If a man has an X-linked recessive disease, can his sons inherit that disease from him? Why or why not?
No. Sons cannot inherit X-linked conditions from their fathers because sons inherit their father’s Y chromosome, not the X. The son will inherit his X chromosome from his mother.
USE IT
Which of the following couples could have a boy with Duchenne muscular dystrophy (DMD)?
a. a male with Duchenne muscular dystrophy and a homozygous dominant female
b. a male without Duchenne muscular dystrophy and a homozygous dominant female
c. a male without Duchenne muscular dystrophy and a carrier female
d. a and c
e. none of the above
c
Predict the sex of a baby with each of the following pairs of sex chromosomes. Use your answer to check your answer to Question 1.
a. XX
b. XXY
c. XY
d. X
a: female; b: male; c: male; d: female
Consider your brother and your son.
a. If you are female, will your brother and your son have essentially identical Y chromosomes? Explain your answer.
b. If you are male, will your brother and your son have essentially identical Y chromosomes? Explain your answer.
a: If you are female, your brother will have inherited his Y chromosome from your father. However, your son will inherit his Y chromosome from his father (not your father). In this case, your brother and your son will not have the same Y chromosomes. b: If you are male, you and your brother both inherited your Y chromosome from your father. Your son will inherit this same Y chromosome from you. In this case, your brother and your son will both have the same (essentially identical) Y chromosome.

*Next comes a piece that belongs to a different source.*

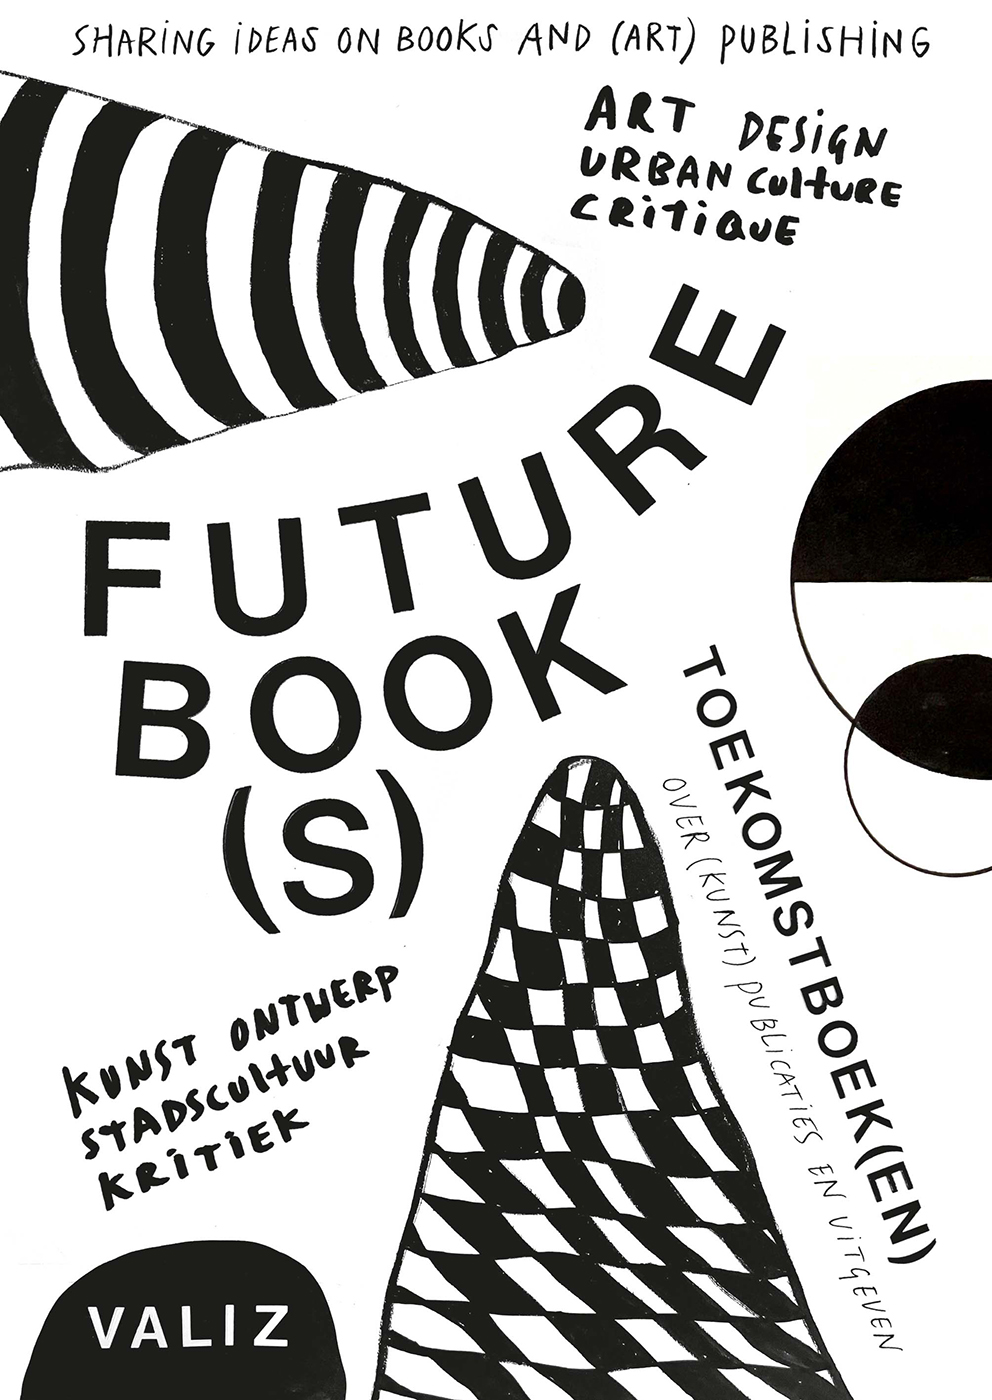 Future Book(s)—Sharing Ideas on Books and (Art) Publishing

A wife is heterozygous for Duchenne muscular dystrophy alleles and her husband does not have DMD. Neither has any other notable medical history. What percentage of their sons, and what percentage of their daughters, will have:
a. Duchenne muscular dystrophy (which is determined by a recessive allele on the X chromosome)
b. an X-linked dominant form of rickets (a bone disease)
a: Duchenne muscular dystrophy is an X-linked recessive condition. If the mother is a carrier and the father does not have the disease, then none of the daughters will have Duchenne muscular dystrophy, and 50% of the sons will have the disease. b: As neither the mother nor the father has rickets, neither has an X-linked dominant allele of the rickets gene. Thus there are no dominant rickets alleles to transmit, and none of the children are at risk.
Driving Question 2
Some traits are not inherited as simple dominant or recessive inheritance patterns. What are some of these complex inheritance patterns?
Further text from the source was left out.